*** Begin section ***
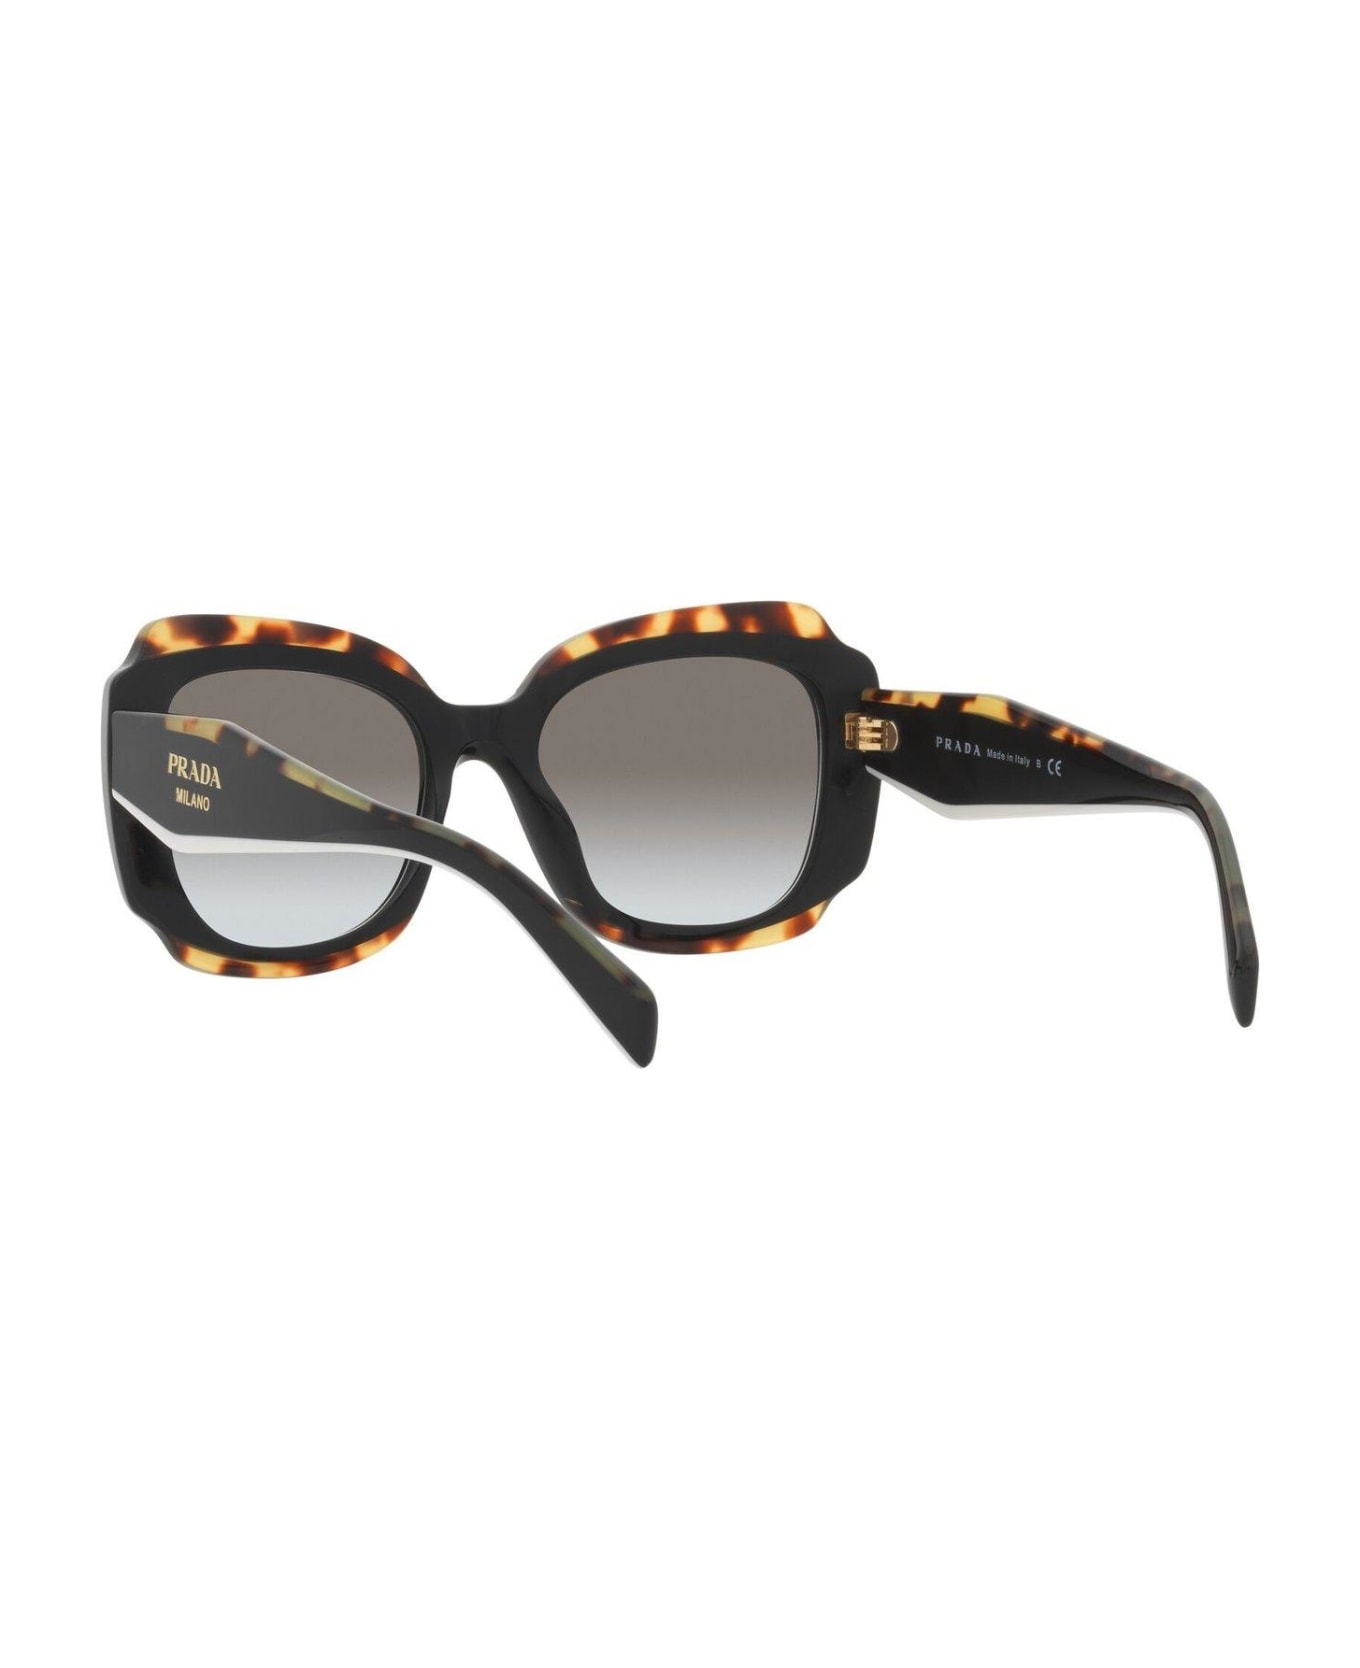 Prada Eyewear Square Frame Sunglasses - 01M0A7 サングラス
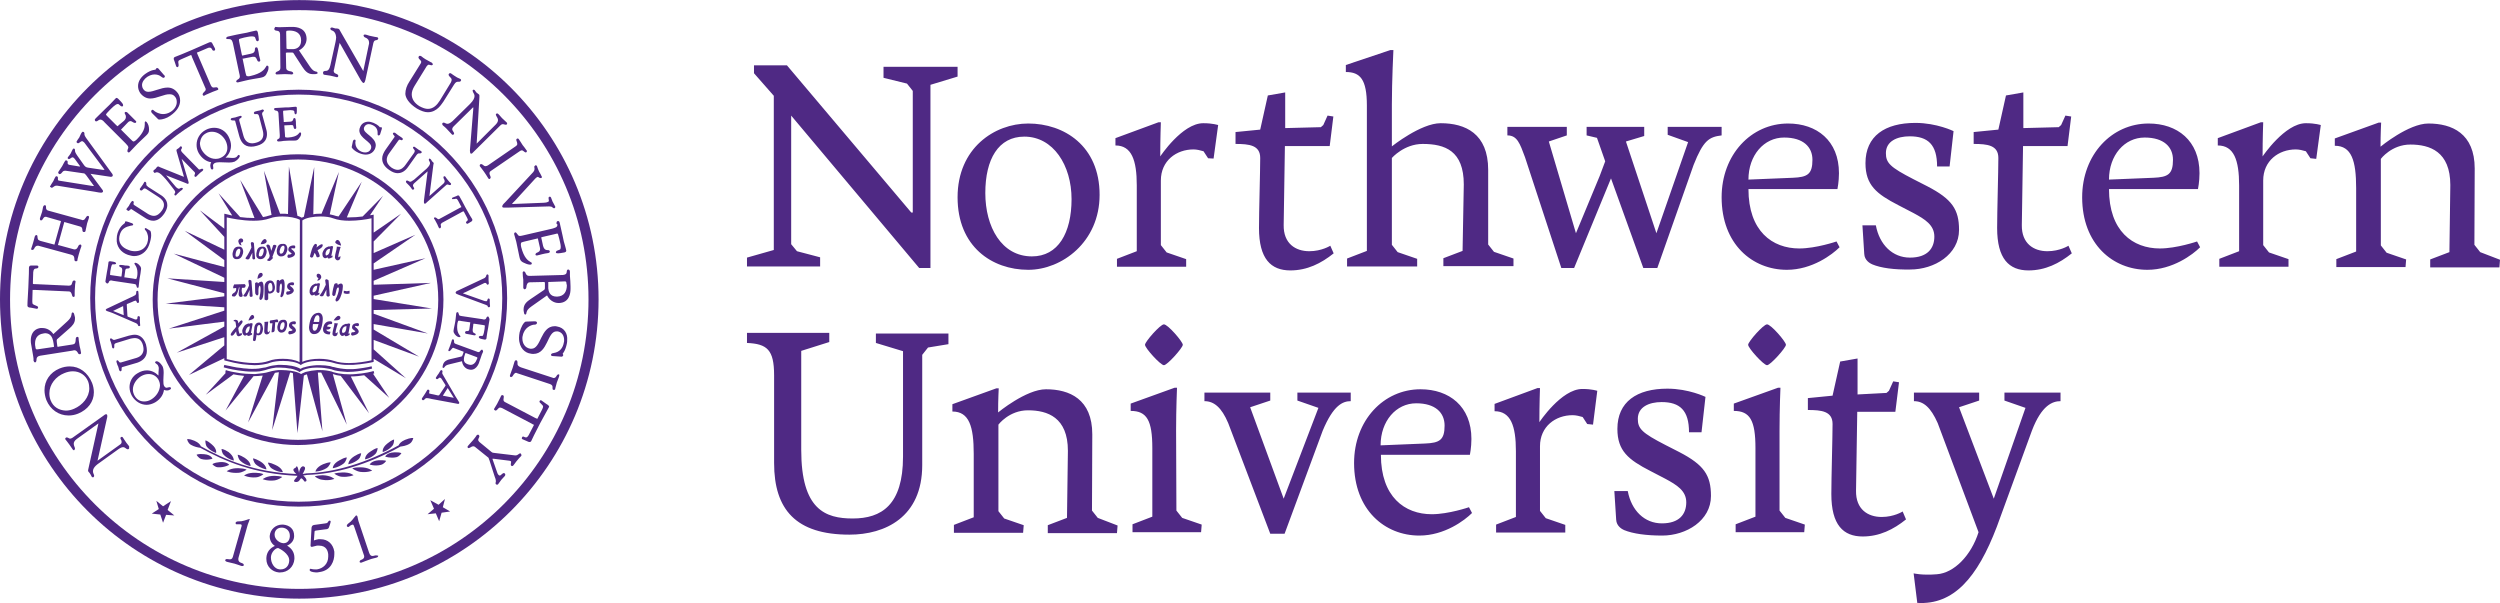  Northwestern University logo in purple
*** End section ***
*** Begin section ***
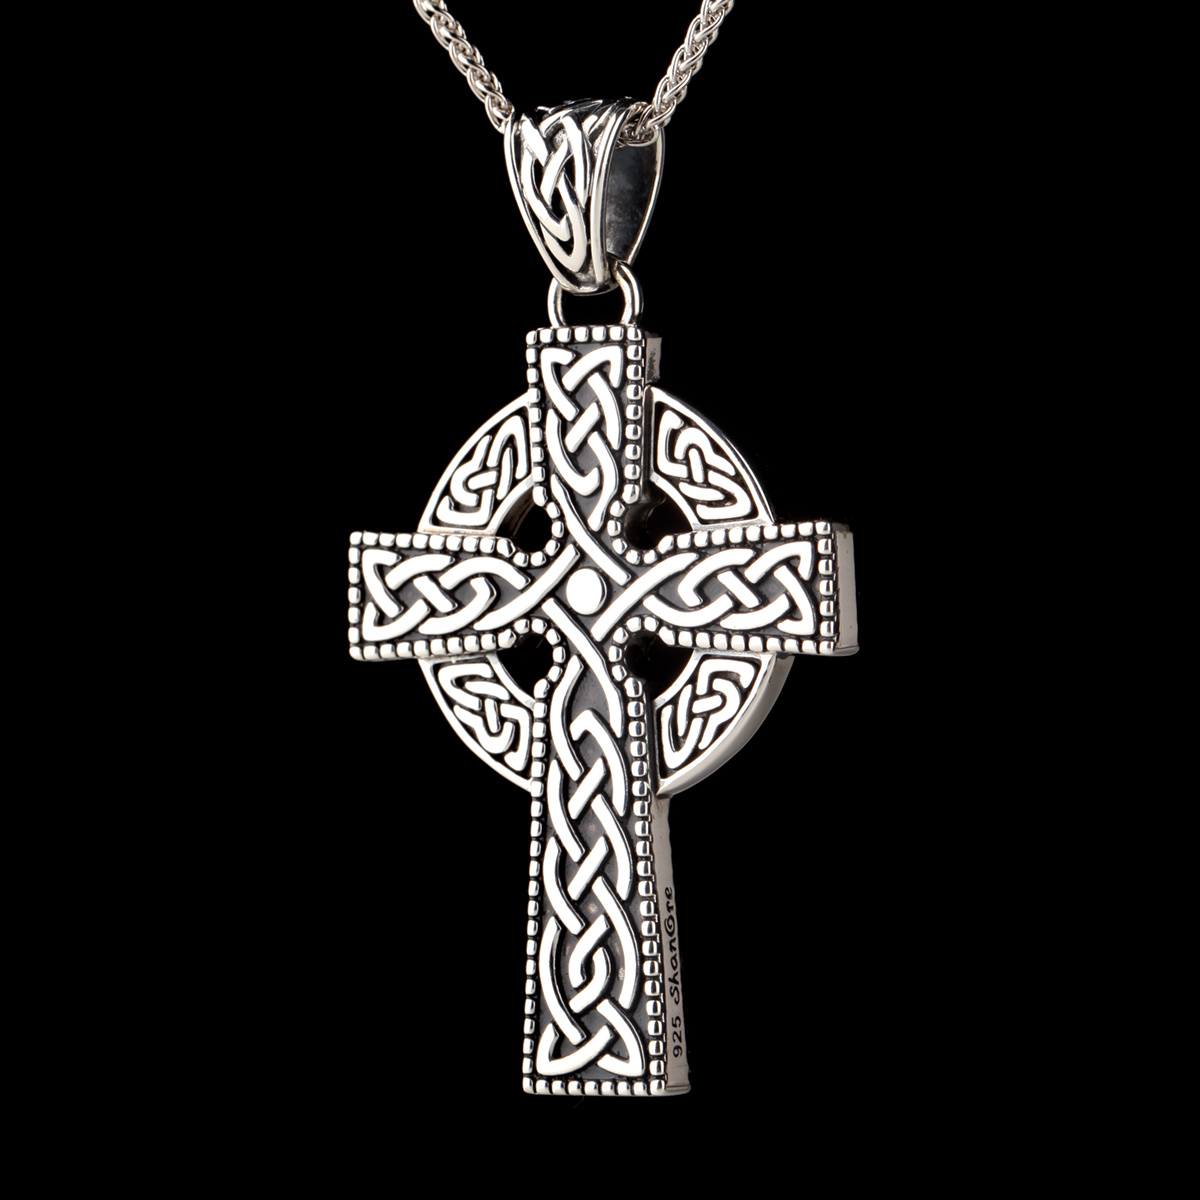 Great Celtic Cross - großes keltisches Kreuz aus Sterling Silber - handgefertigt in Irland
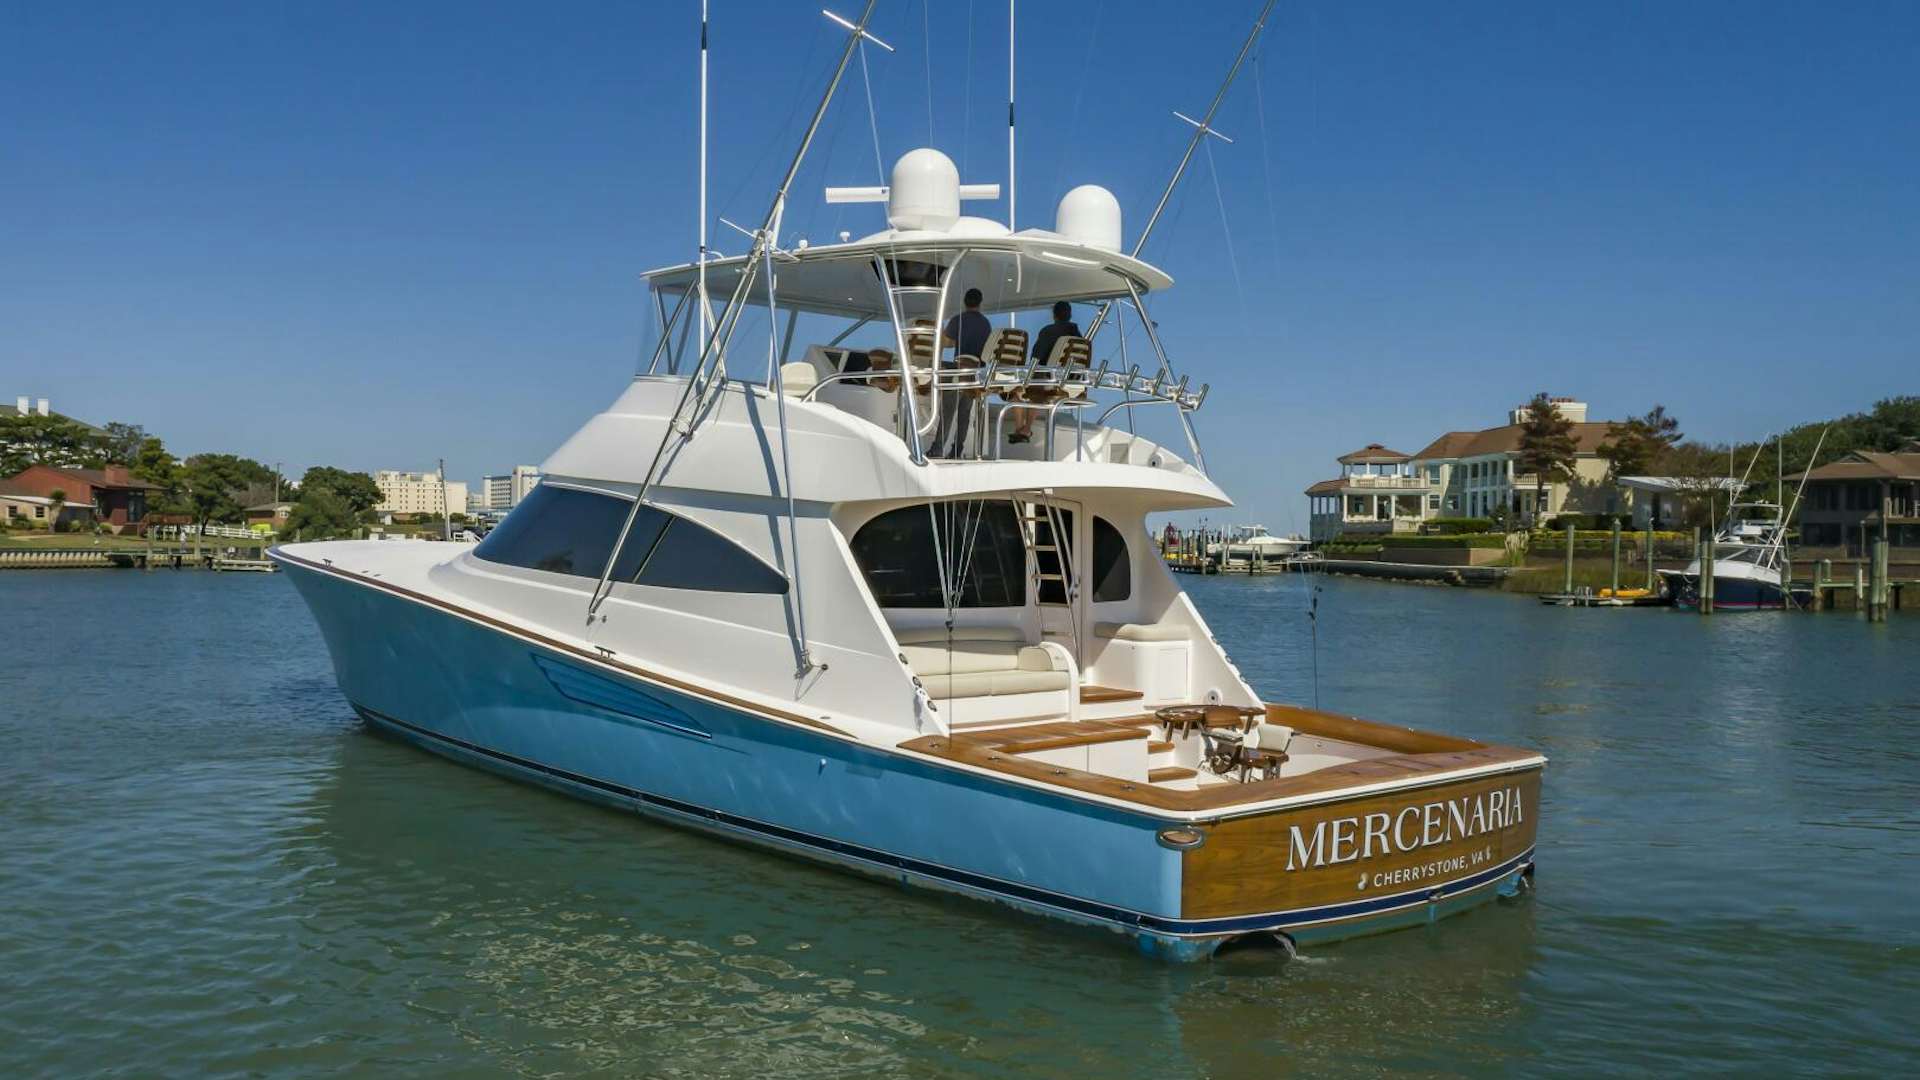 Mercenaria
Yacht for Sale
*** End section ***
** Problem details **
Copy only what lies between the line with "Prada Eyewear Square" and the line with "Northwestern University logo in purple", those two lines included, exactly as given above; pictures stay out.

** Answer for this exercise **
 Prada Eyewear Square Frame Sunglasses - 01M0A7 サングラス
  Northwestern University logo in purple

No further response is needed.